В глубине души он, разумеется, не только был убежден в том, что Лоренци — первый любовник Марколины, но и предполагал, что минувшая ночь была первой, которую она ему подарила; однако это не остановило потока злобно-сладострастных мыслей, продолжавших тесниться в его голове, пока он шел вдоль ограды, которая окружала сад. Он очутился вновь у двери в залу, оставленной им открытой, и понял, что ему пока ничего не остается, как только неслышно и незримо пробраться обратно в свою комнату в башне. С великой осторожностью прокрался он наверх и опустился в кресло, в котором сидел прежде перед столом, где, как бы ожидая его возвращения, лежали ничем не скрепленные листы рукописи. Невольно взгляд его упал на прерванную им посредине фразу; и он прочитал: «Вольтер будет бессмертен, это несомненно, но он купит бессмертие своего имени ценою бессмертия своей души; страсть к острословию изгрызла его сердце, как сомнения — его душу, и поэтому... » В это мгновение комнату залили красноватые лучи утренней зари, лист, который он держал в руках, запылал, и Казанова, точно побежденный, уронил его на стол на другие листы. Вдруг он почувствовал, что у него пересохло во рту, и налил себе воды из стоявшего на столе графина; вода была теплая и сладковатая. Казанова с отвращением отвернулся; со стены, из висевшего над комодом зеркала, глянуло на него бледное старческое лицо с упавшими на лоб спутанными волосами. Наслаждаясь самоистязанием, Казанова еще бессильнее опустил углы рта и, словно собираясь выступить на сцене в какой-то шутовской роли, еще больше взъерошил волосы, так что пряди их совсем спутались, показал язык своему отражению, выкрикнул нарочито хриплым голосом несколько грубых ругательств по своему же адресу и, наконец, точно избалованный мальчик, сдул на пол листы рукописи. Потом стал опять поносить Марколину и, осыпав ее самой грубой и непристойной бранью, прошипел сквозь зубы:
— Ты думаешь, радость долговечна? Ты растолстеешь, станешь морщинистой и старой, как другие женщины, сейчас такие же молодые; ты сделаешься старухой с дряблыми грудями, с сухими седыми волосами, беззубой и вонючей... и, наконец, умрешь! Ты можешь умереть и молодой! И сгниешь! И тебя съедят черви.
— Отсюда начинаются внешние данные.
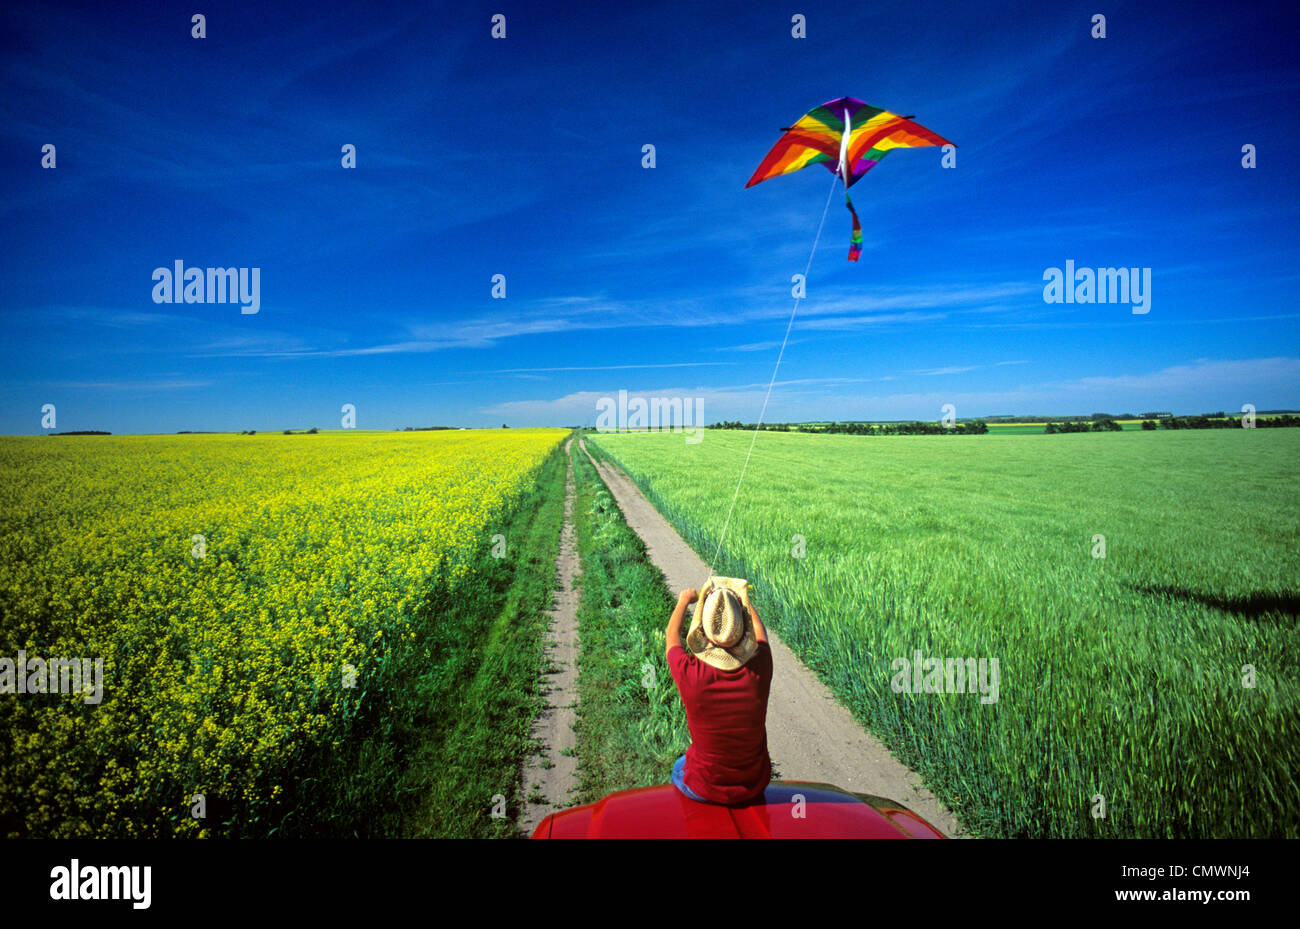 Girl Flying a Kite while Sitting on a Truck, Fields of Barley and Canola in the background, near Somerset, Manitoba Stock Photo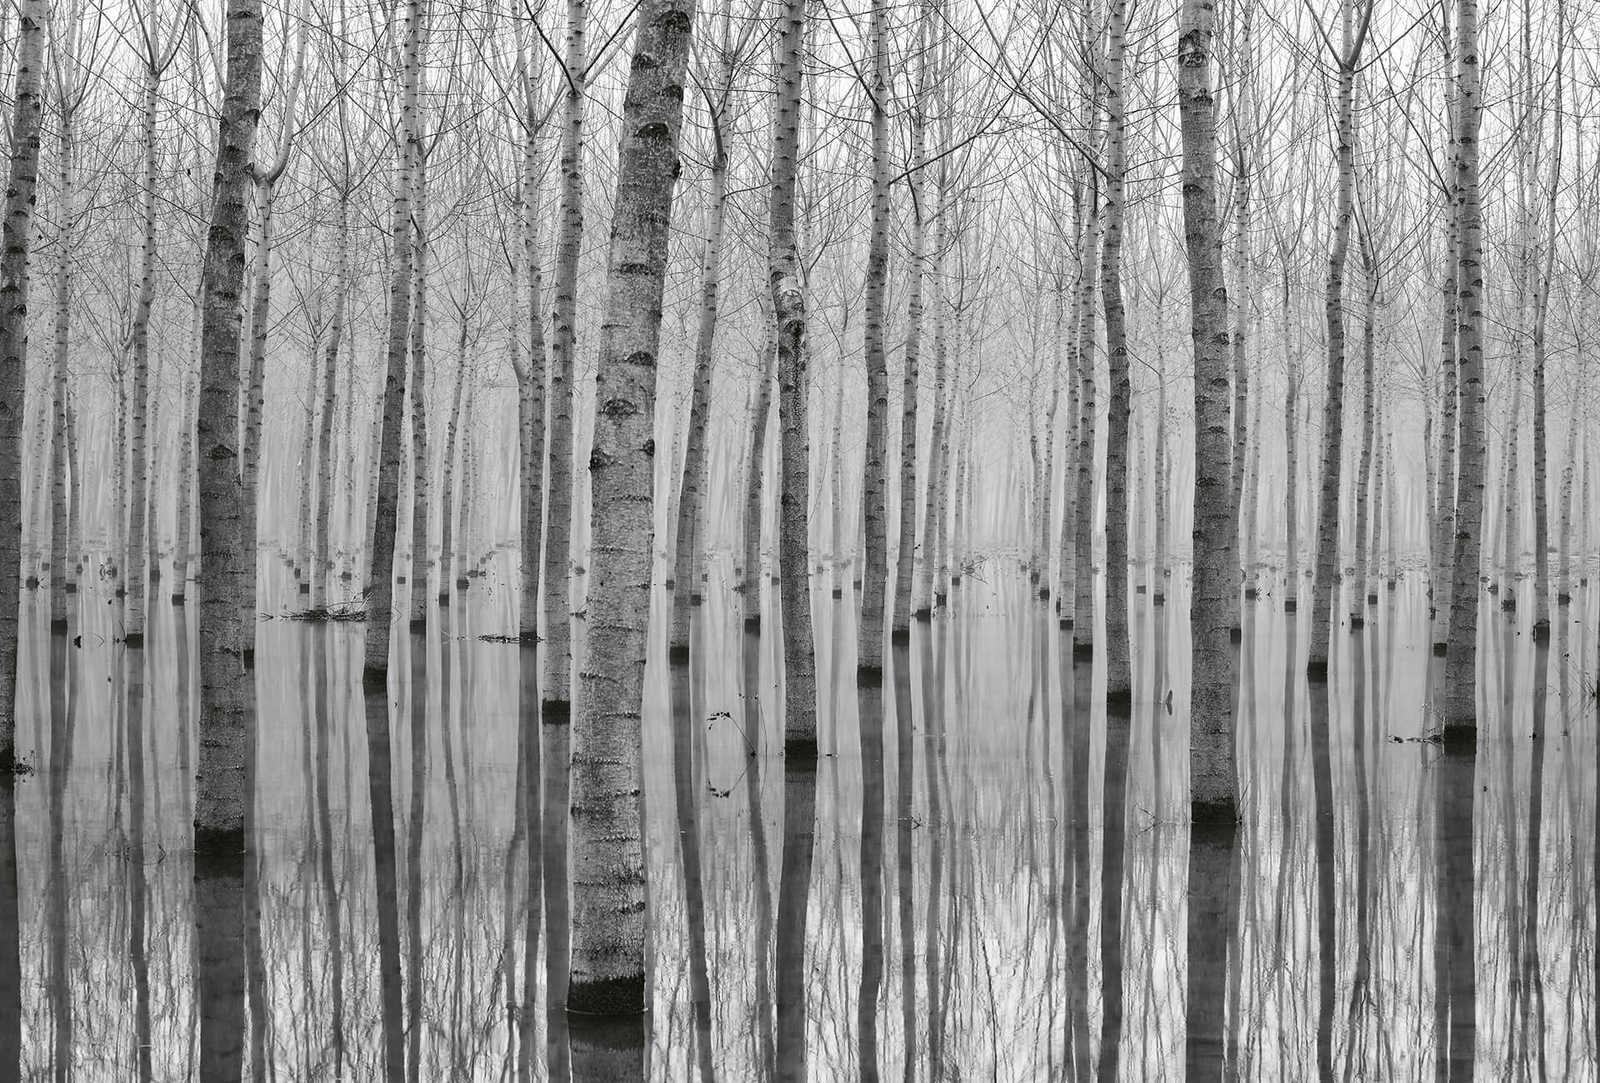         Photo wallpaper forest birch trees in water - black, white, grey

В виде последнего отмщения он попытался вообразить ее себе мертвой: увидел ее в открытом гробу во всем белом, но не в состоянии был представить себе у нее никаких признаков тления; напротив, ее поистине неземная красота привела его опять в бешенство. Перед его закрытыми глазами гроб превратился в брачное ложе; Марколина лежала на нем, улыбаясь, смежив веки, и узкими бледными руками, как бы в насмешку, разорвала на своей нежной груди белое платье. Но как только он простер к ней руки, хотел броситься к ней, обнять ее, видение рассеялось без следа.
Кто-то постучал в дверь; Казанова очнулся от тяжелого сна, перед ним стоял Оливо.
— Как, уже за письменным столом?
— Я привык раннее утро посвящать работе, — сразу овладев собой, ответил Казанова. — Который час?
— Восемь, — ответил Оливо. — Завтрак уже подан в саду; как только вы прикажете, шевалье, мы отправимся в монастырь. Но, я вижу, вашу рукопись развеял ветер!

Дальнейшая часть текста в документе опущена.